I am totally new to this stuff and his thread did help me, as he's a person I trust based on his work/business ethics and mentality over the years. I'm still reticent to "strap on-board" to anything I don't really know about, but everything kinda sucks the way it is right now, so I'm trying to be more open-minded to new possibilities. These are totally fair questions and ones I wouldn't even think to ask. He seems open to having productive conversations. Why don't you ask him?
I’m not the biggest NFT fan but I think he articulated his points well and I’m not going to “cancel” or “drop” the label over this, especially when some of my favorite bands are on the label.
he has an account on this website and posts in this thread often. it wouldn’t be difficult to ask him.

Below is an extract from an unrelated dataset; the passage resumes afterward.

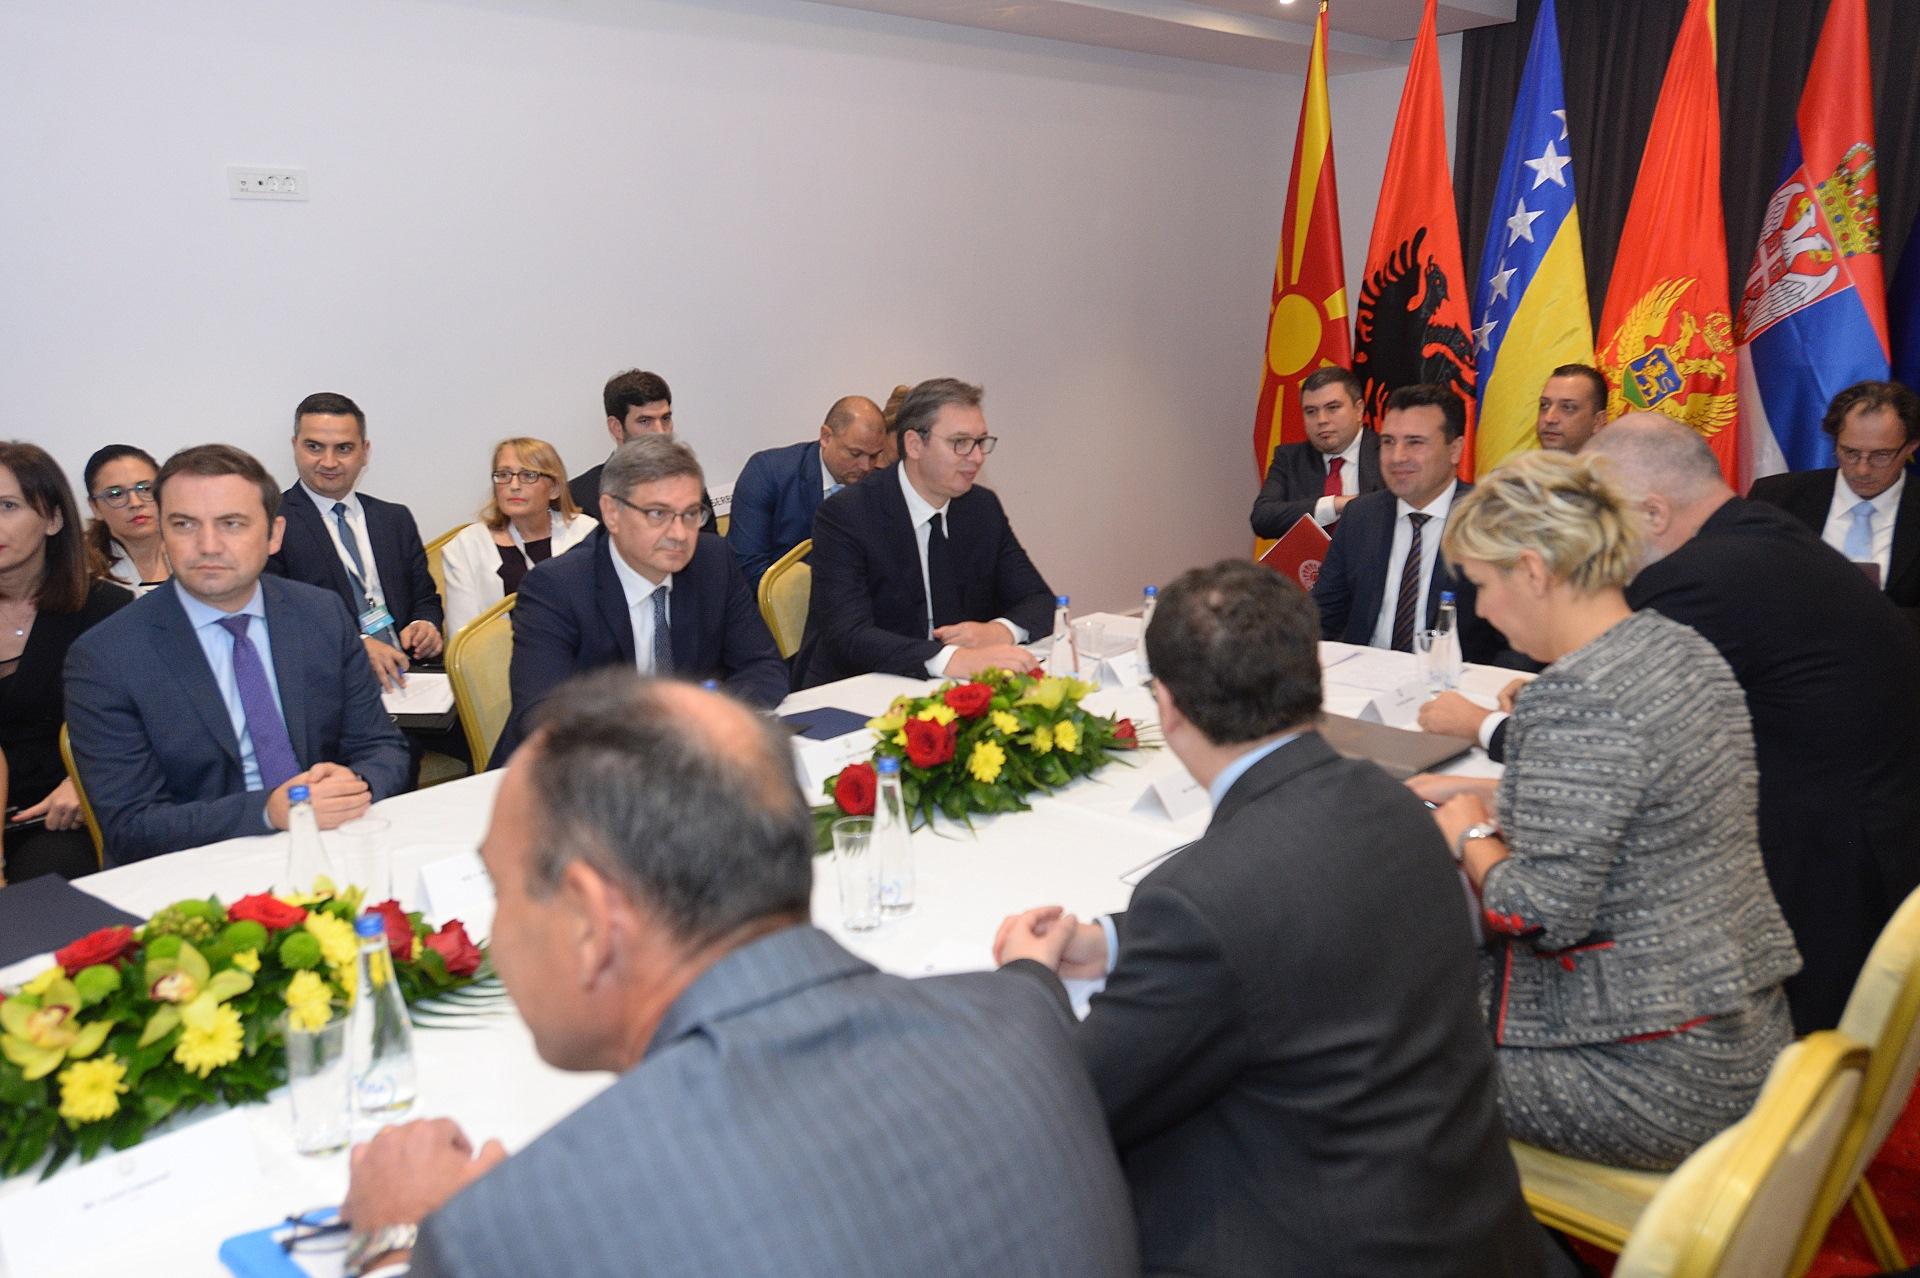 Predsednik Srbije Aleksandar Vucic nema ovde nikakve Jugoslavije, vec samo boljeg zivota

i read a book last year called 'convergence culture' by henry jenkins that was published in 2006. in the book, jenkins hypothesises that media, and the consumption of media, will change with the new web 2.0. he argues that a new internet is on the horizon, one where the individual is in control and will be able to participate in the internet, culture, and media like never before! it is an incredibly dated book and a relic of a bygone era. reading through kevin's tweets made me feel like i was reading something written 15/20 years ago about the future of the internet - he even uses some of the exact same phrases and buzzwords they were using back then ("a new internet is on the horizon", "individual-centric", "you are in control", "participate in the new internet"). it should be obvious why "we are all eventually gonna navigate the internet from our wallet addresses" is a laughable statement - your relatives can barely use facebook! telling people in 2021 that, in the future, music will come in the form of nfts is akin to telling somebody in 2006 that zunes will be the future of the music industry! i think kevin, like everybody else in the world, realizes that musicians are not getting paid enough for their art through the current spotify model, and is trying to find a way to resolve that - which is obviously not a bad thing! however, he is wrong to think that nfts are a sustainable solution to the spotify model in the same way that the industry was wrong fifteen years ago to think that making people pay 10 dollars for an album on itunes was a sustainable solution to piracy.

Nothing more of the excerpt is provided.